> **What the task requires**
Print out the data that follows exactly, character for character, apart from the pictures.

> **Provided material**

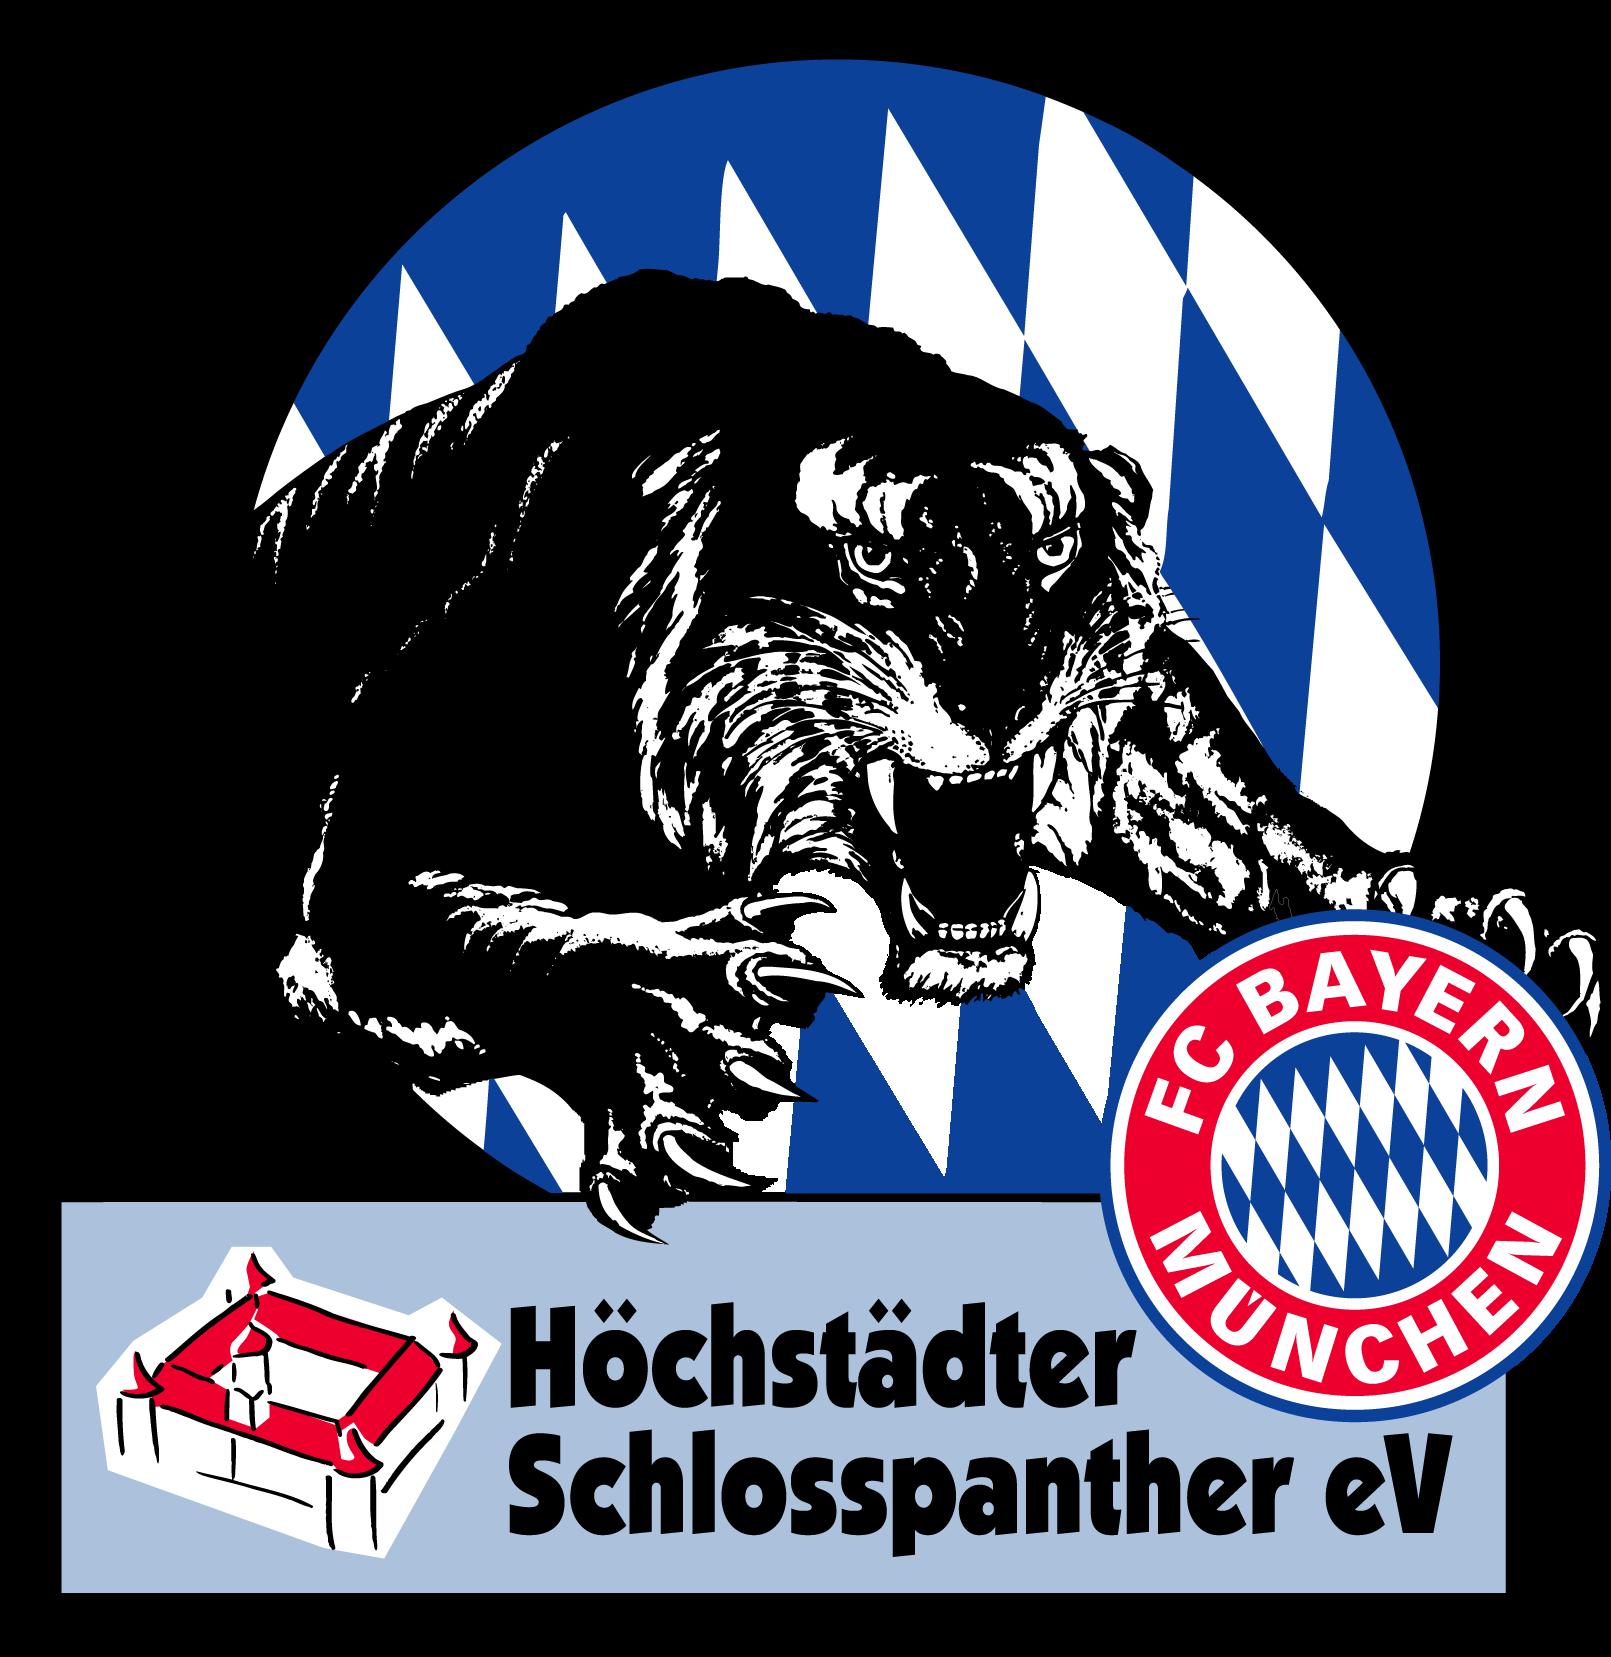 Höchstädter Schlosspanther e.V.
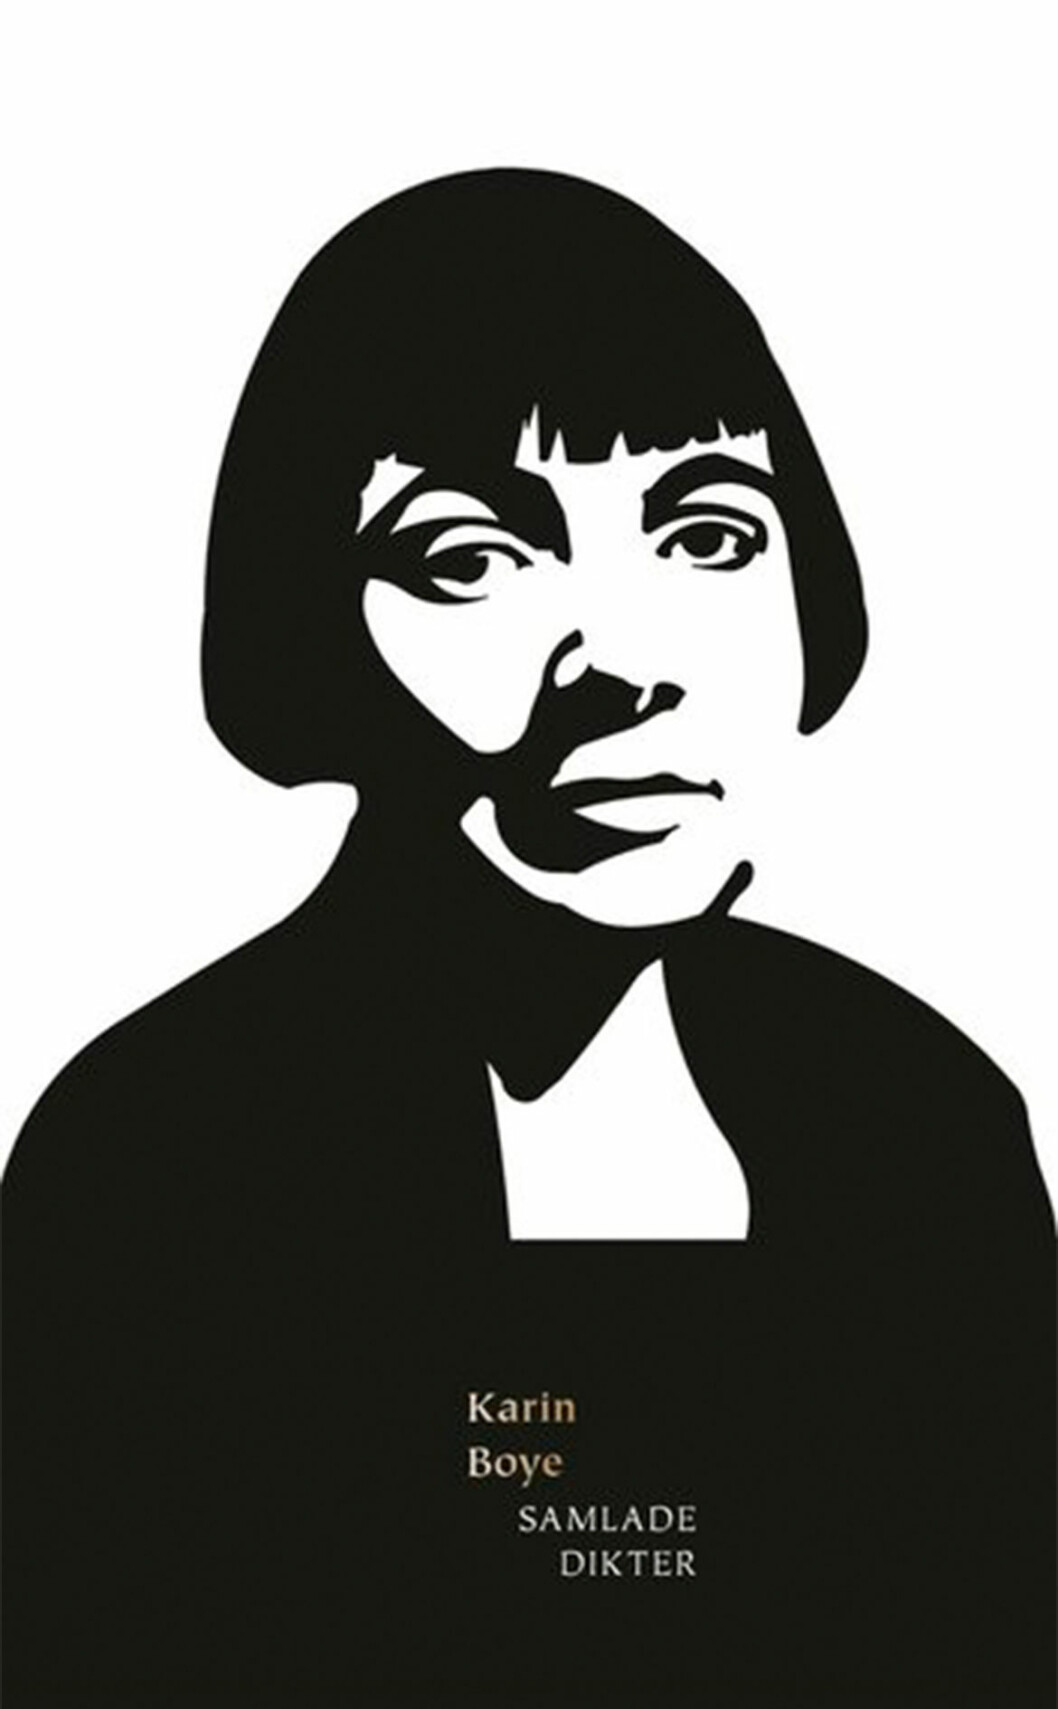 Bokomslag till Karin Boye samlade dikter, Illustration av Karin Boye.
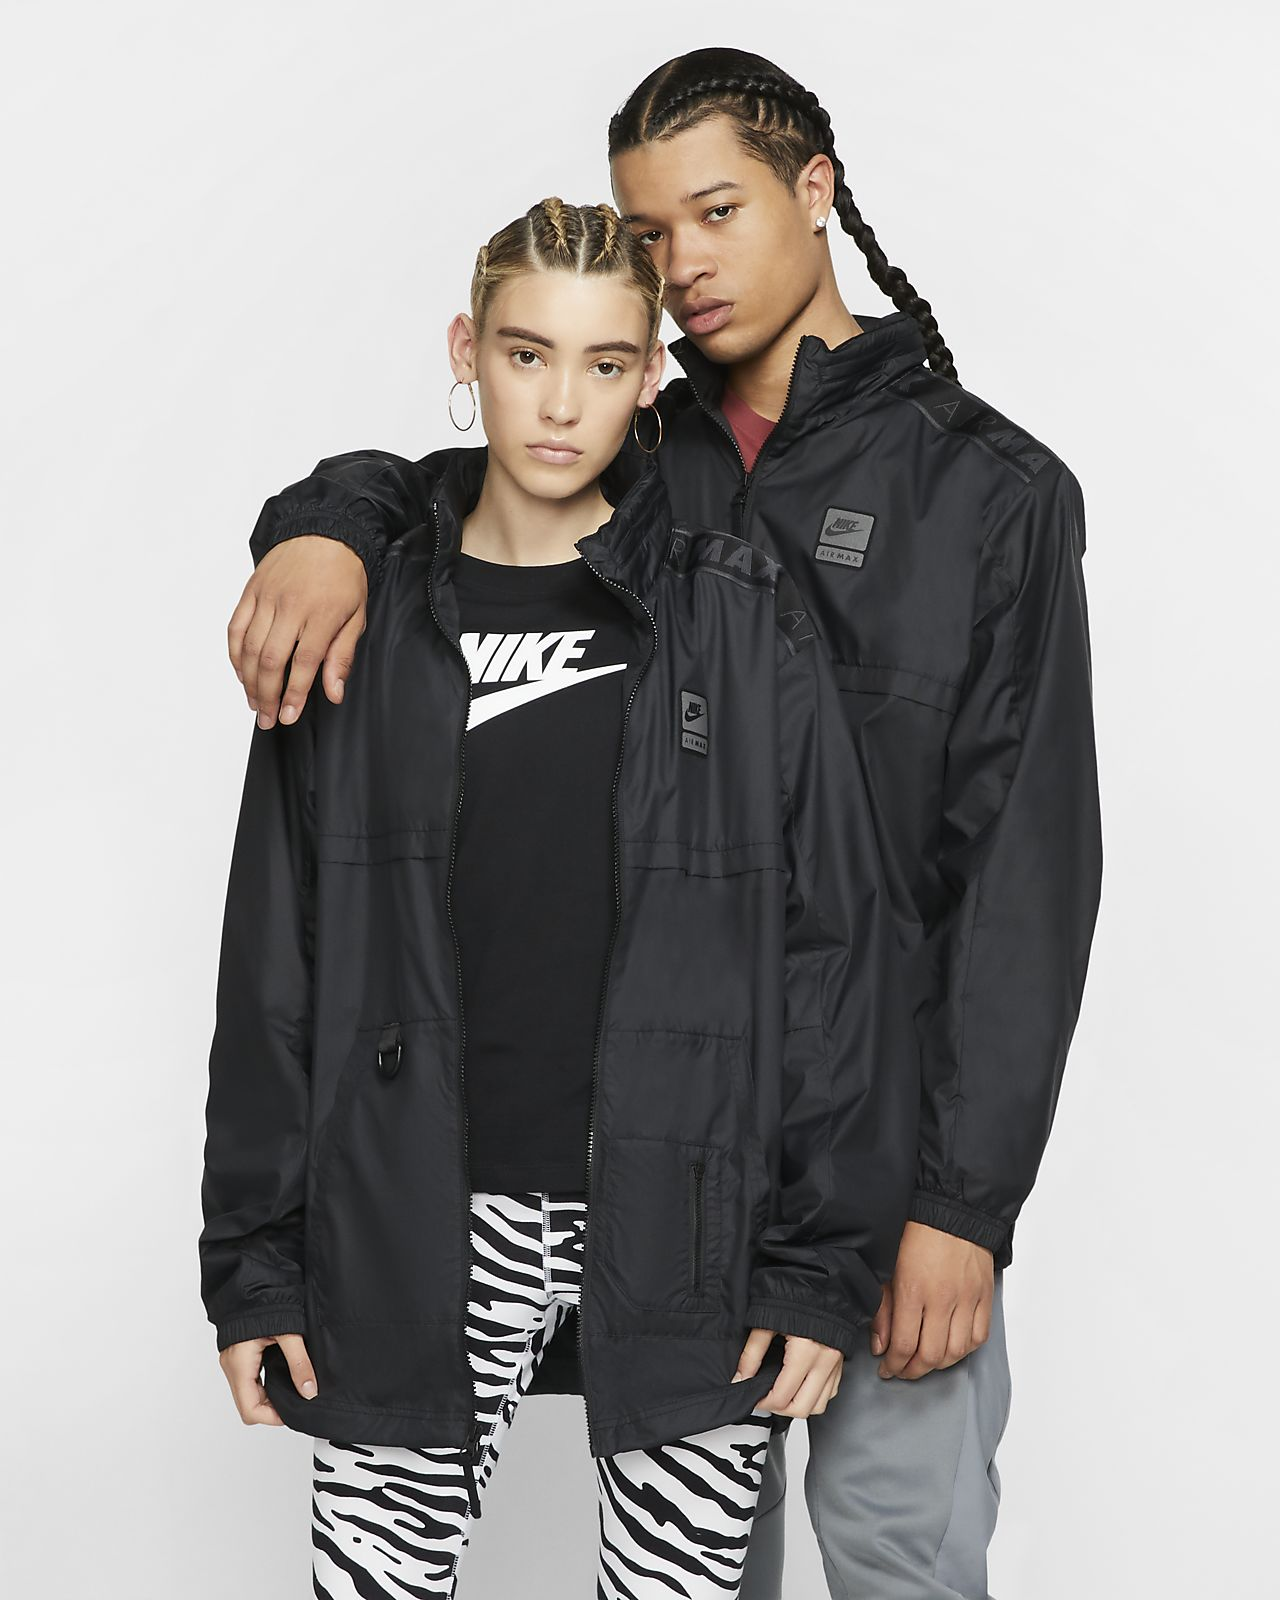 Veste tissée Nike Sportswear Air Max
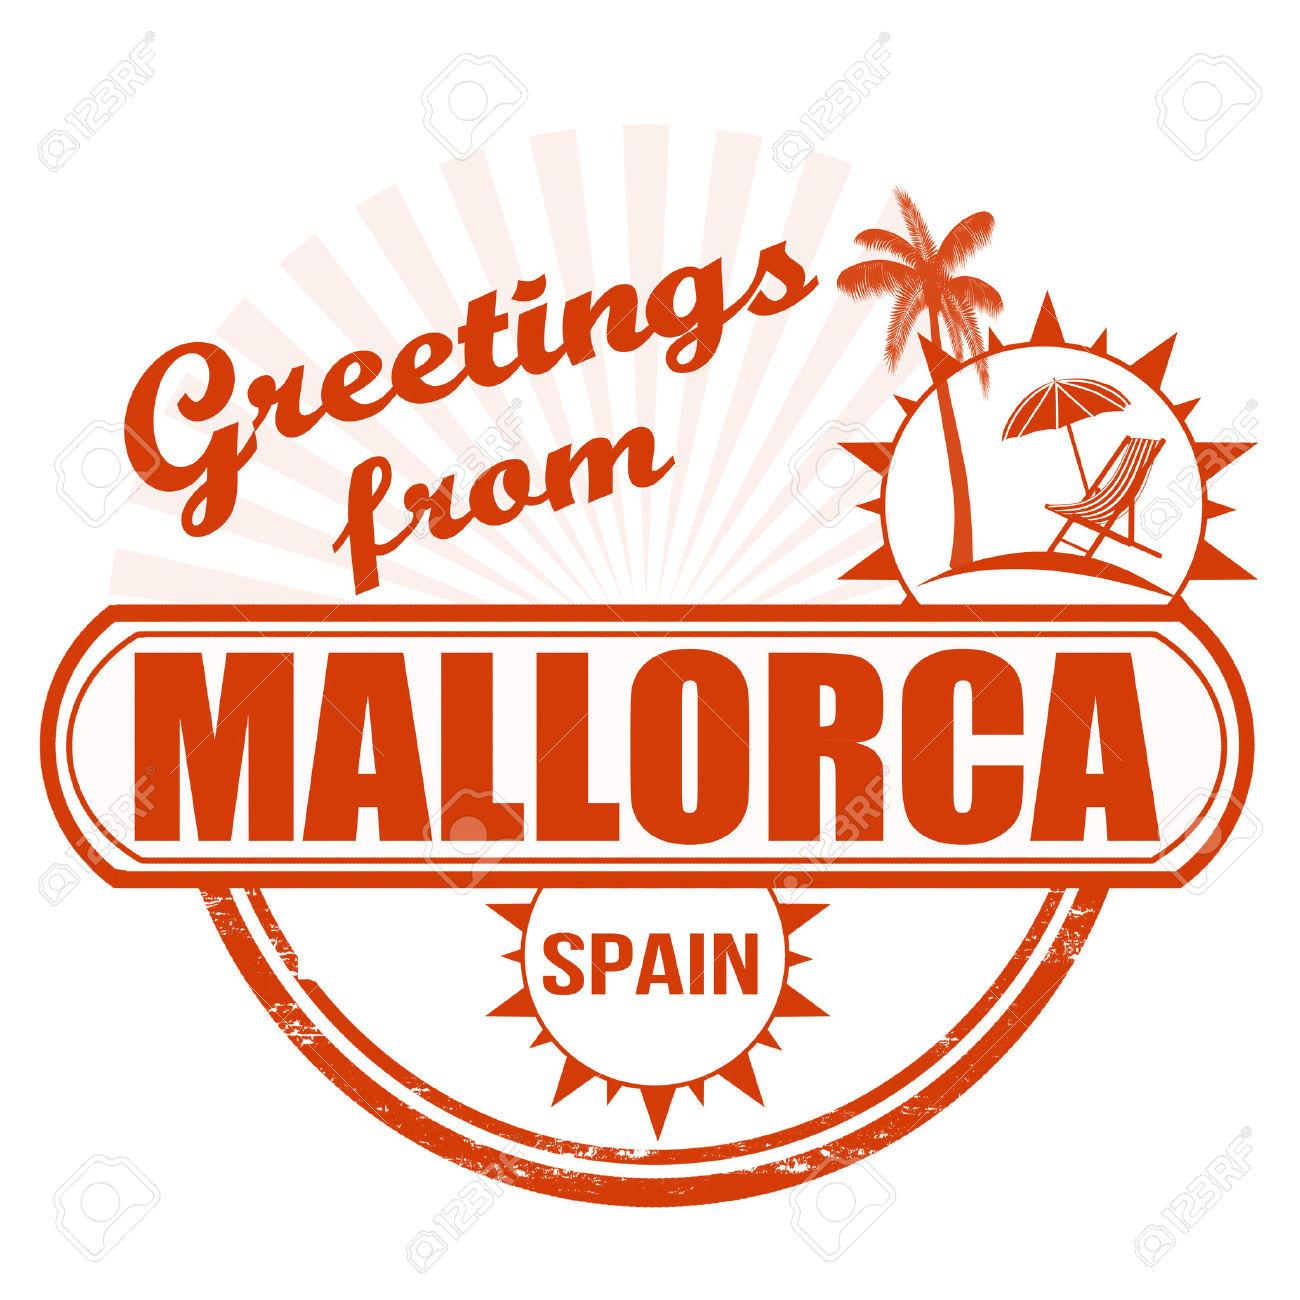 Majorca clipart #15, Download drawings

> **Expected answer**
 Höchstädter Schlosspanther e.V.
 Bokomslag till Karin Boye samlade dikter, Illustration av Karin Boye.
 Veste tissée Nike Sportswear Air Max
 Majorca clipart #15, Download drawings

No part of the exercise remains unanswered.